> **EXERCISE DIRECTIONS**:
Leaving the pictures aside, return the listing exactly as it appears.

> **INFORMATION PROVIDED**:
------------------------------------
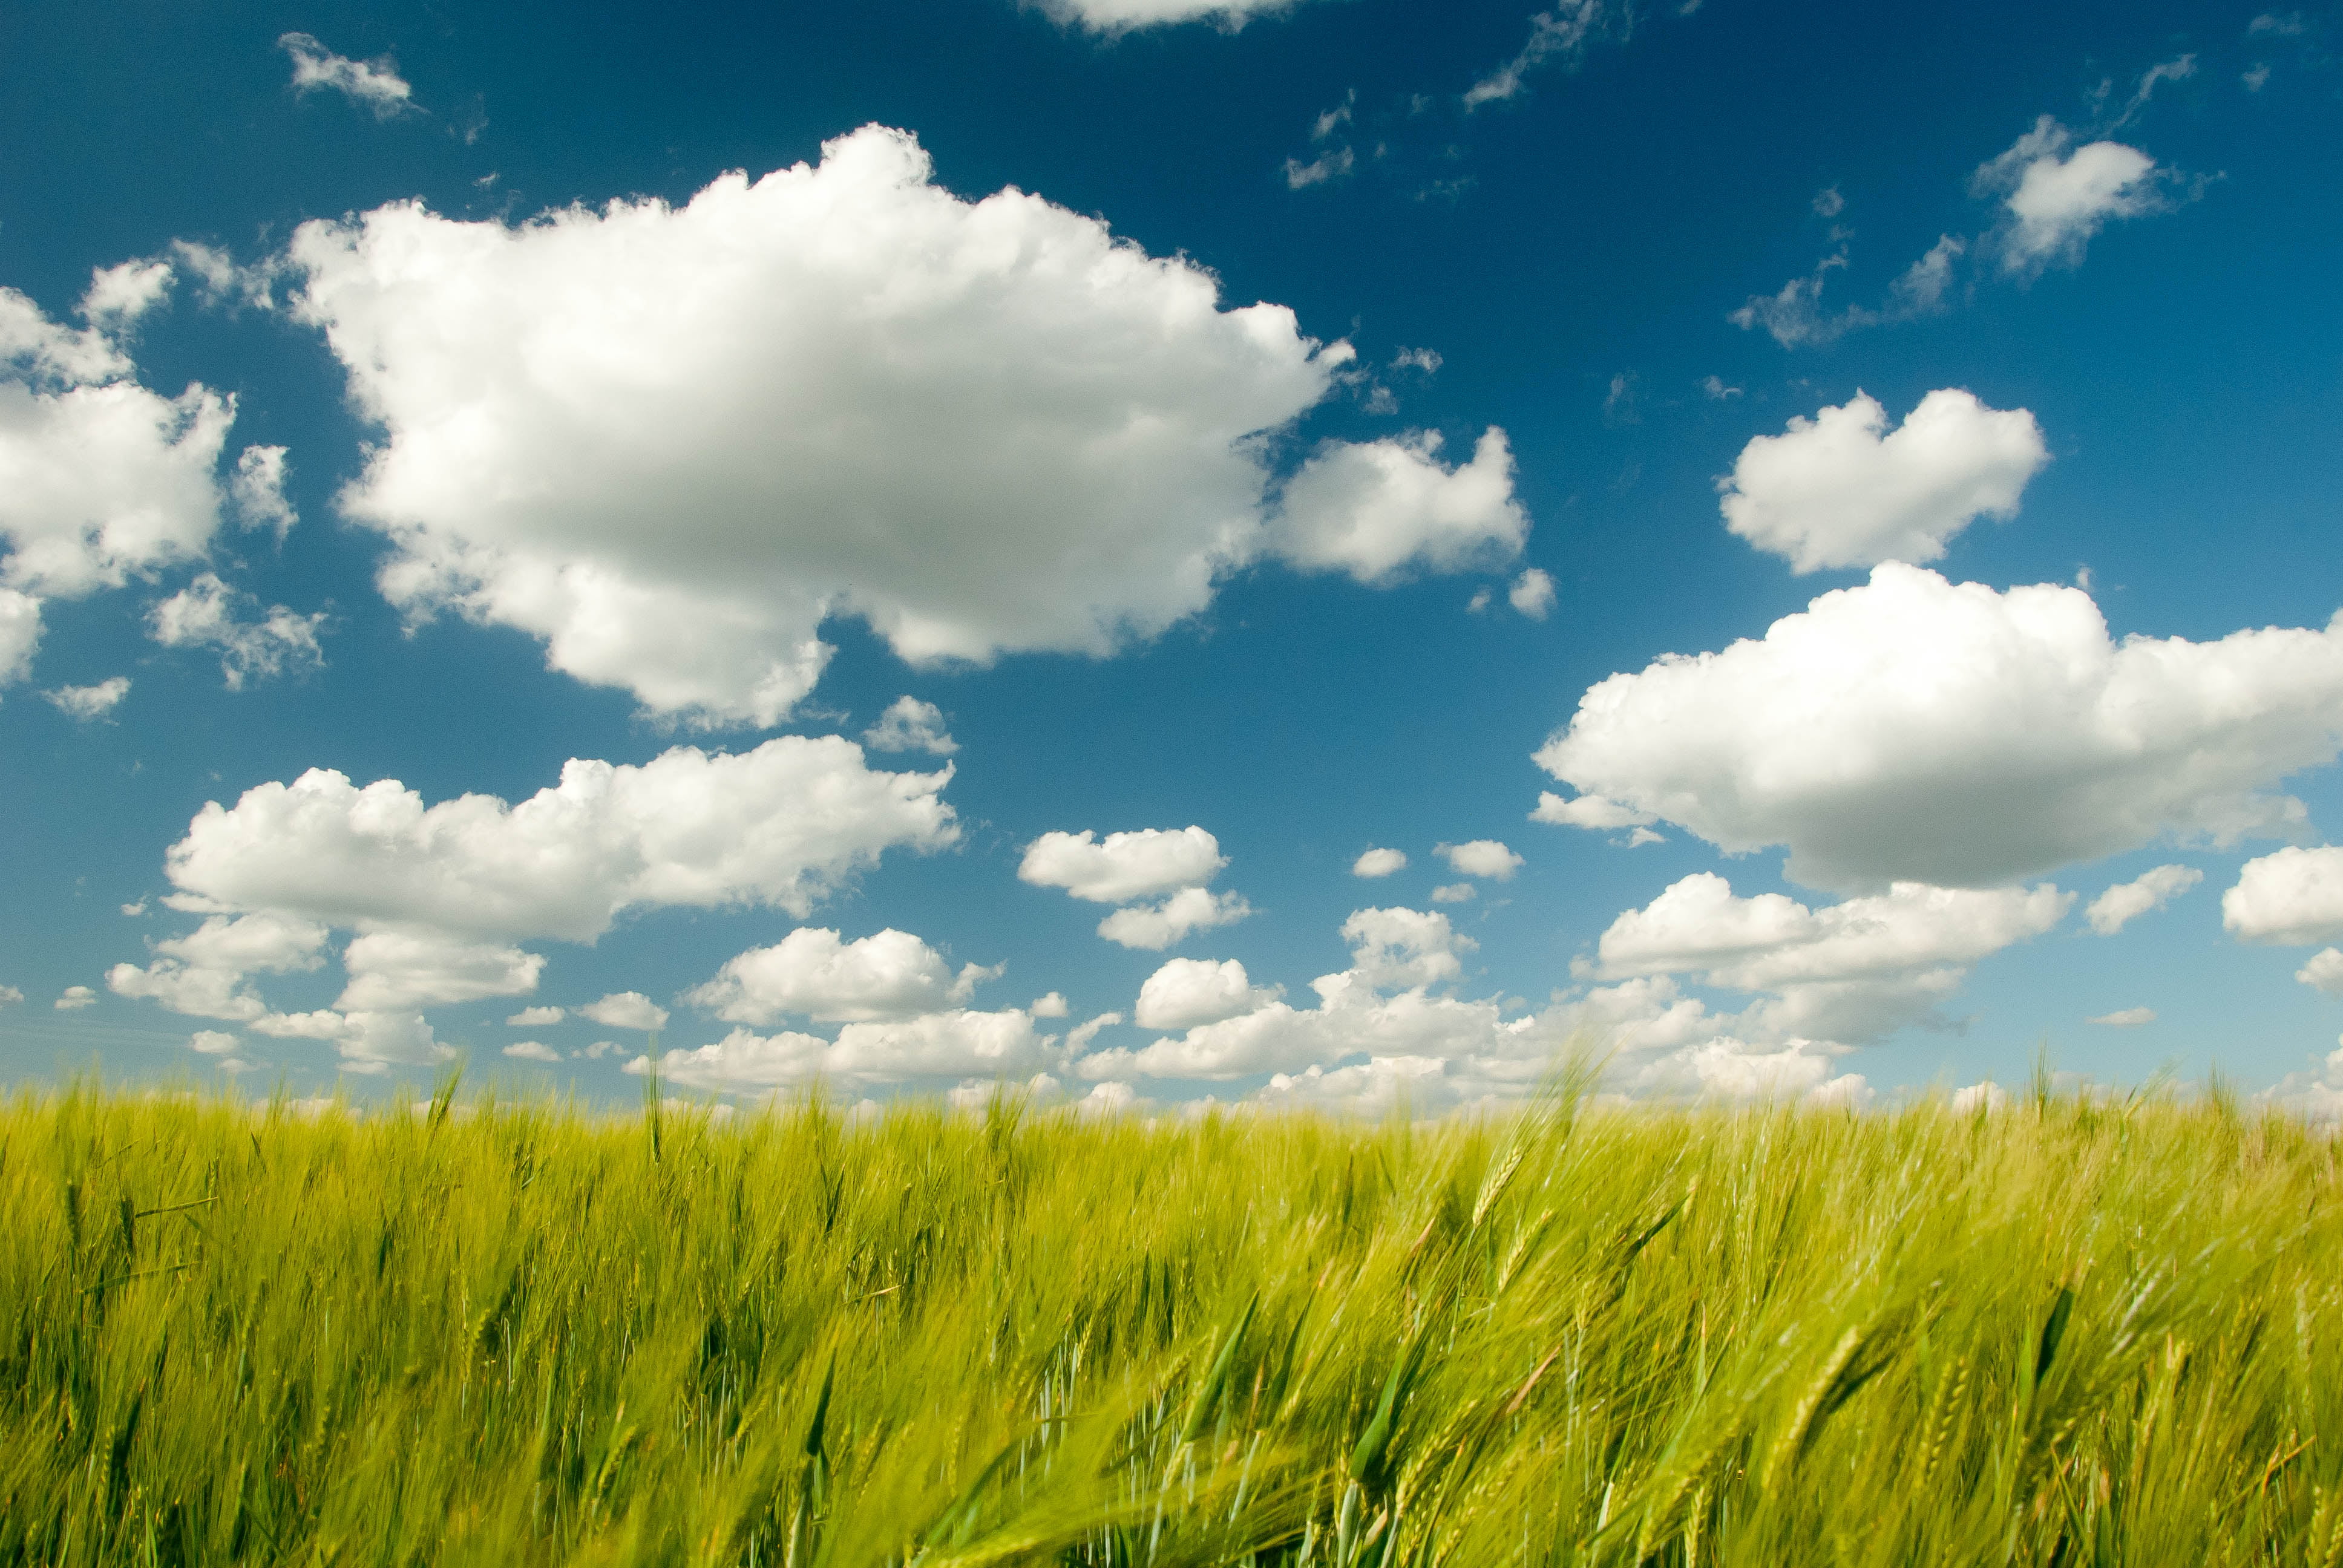 green grass field and cloud illustration, Clouds, nature, summer
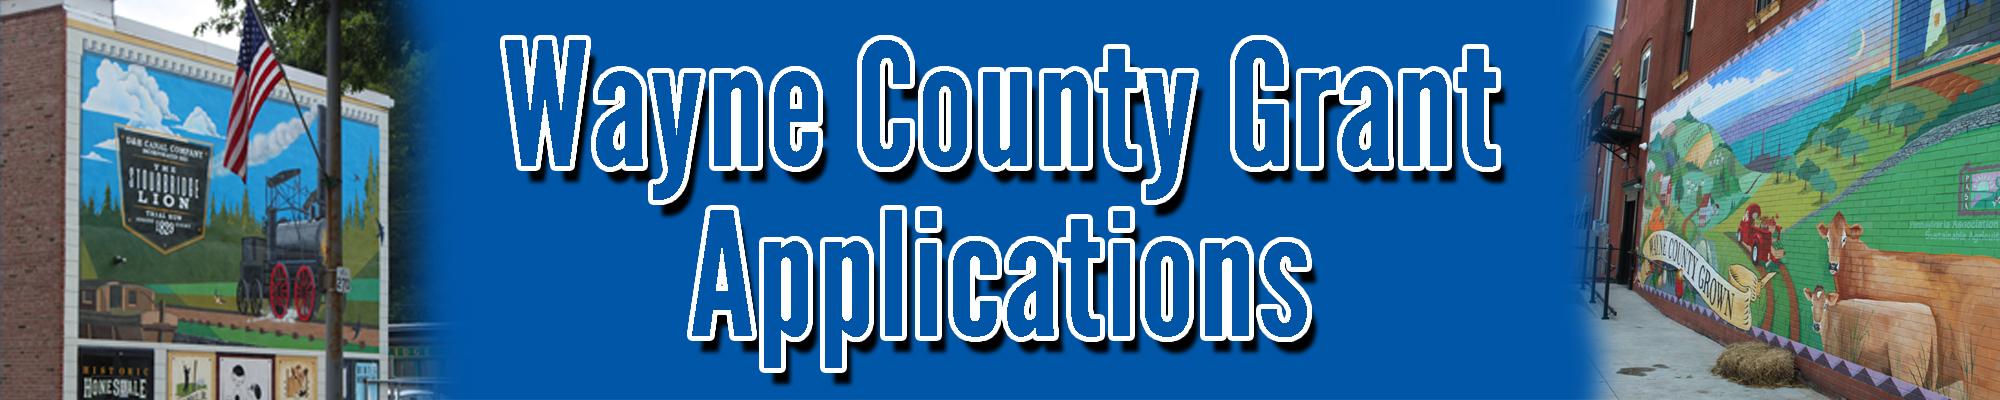 Wayne County Grant Applications Available Now
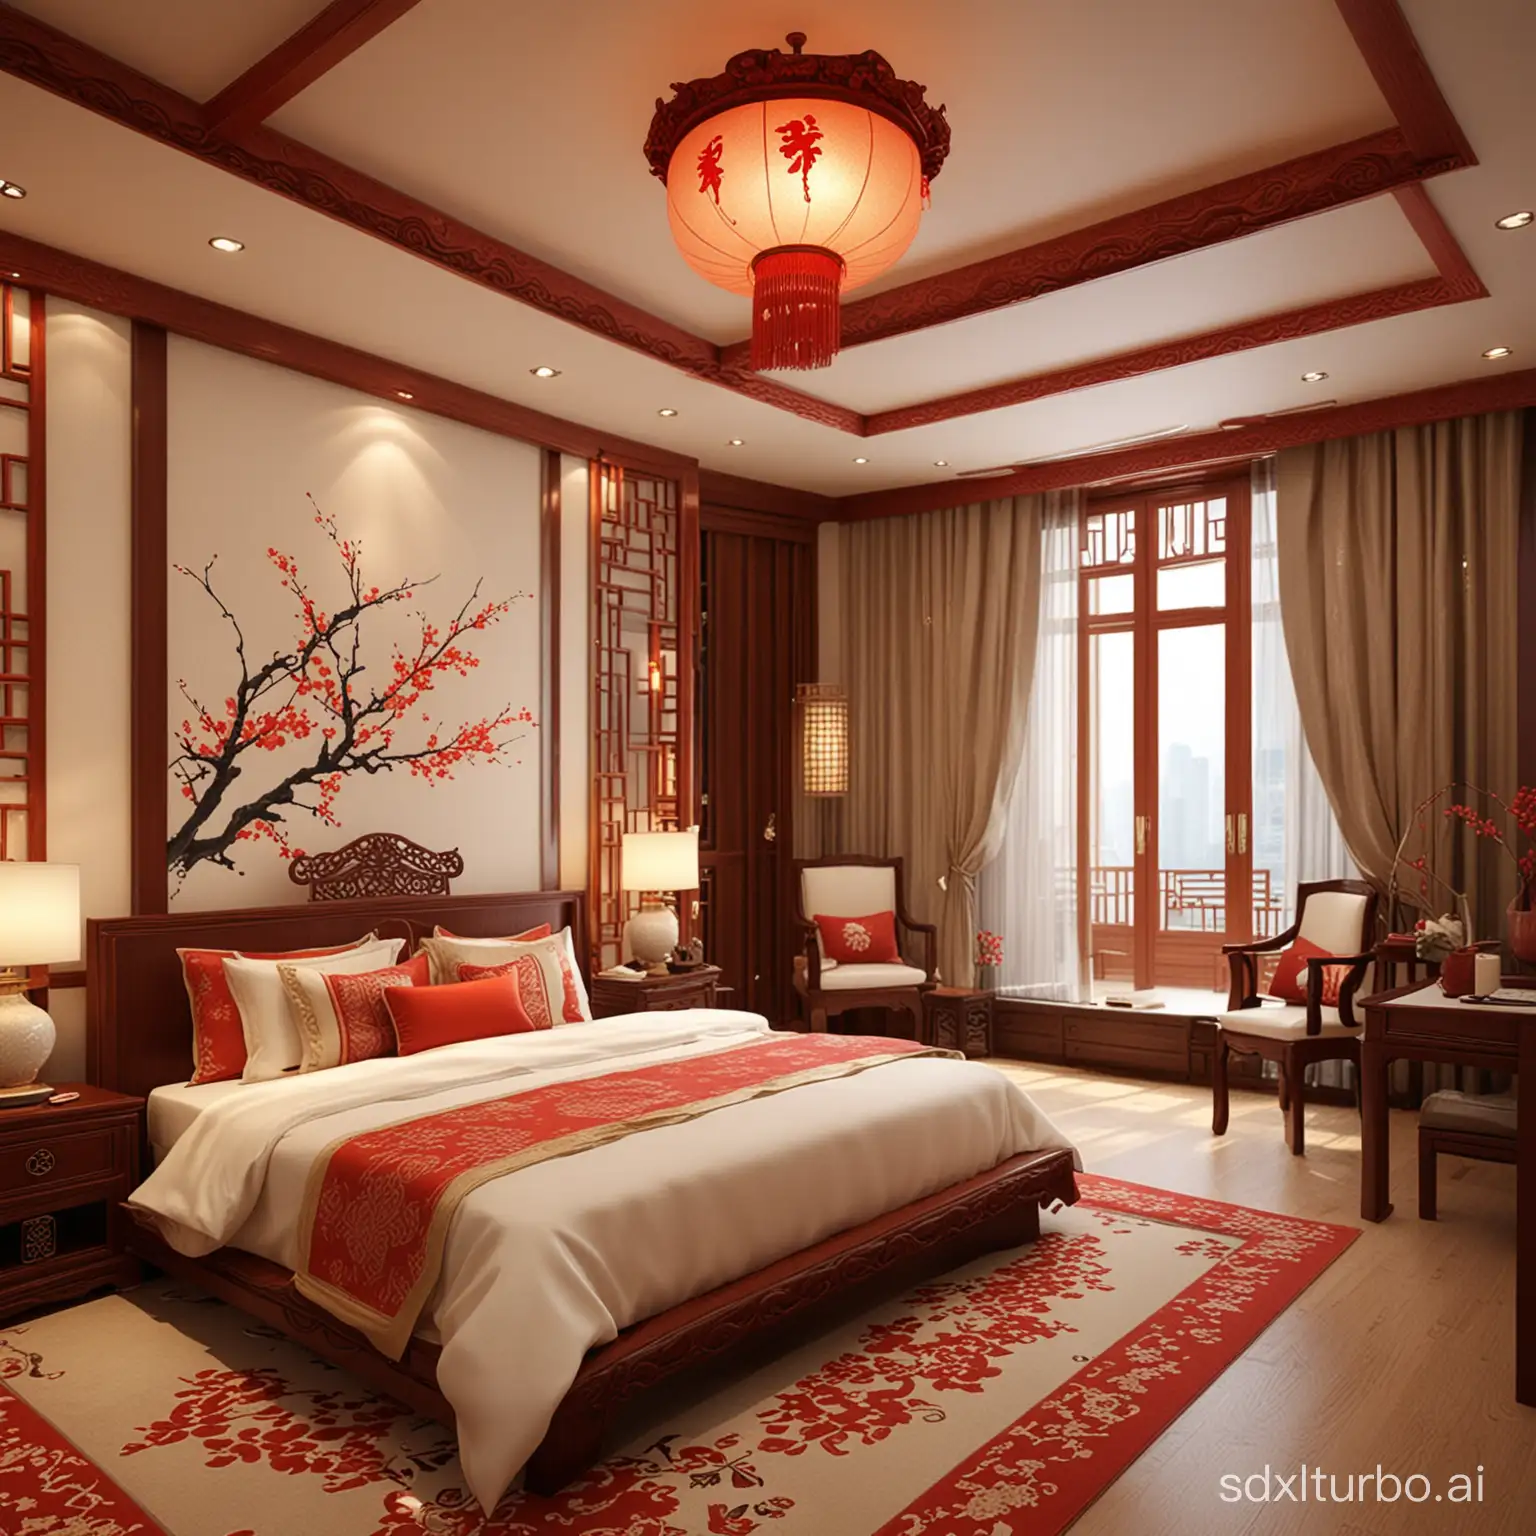 Chinese-style interior bedroom design
------------------------------------
> **FINISHED TASK**:
 green grass field and cloud illustration, Clouds, nature, summer
 Wayne County Grant Applications Available Now
 Chinese-style interior bedroom design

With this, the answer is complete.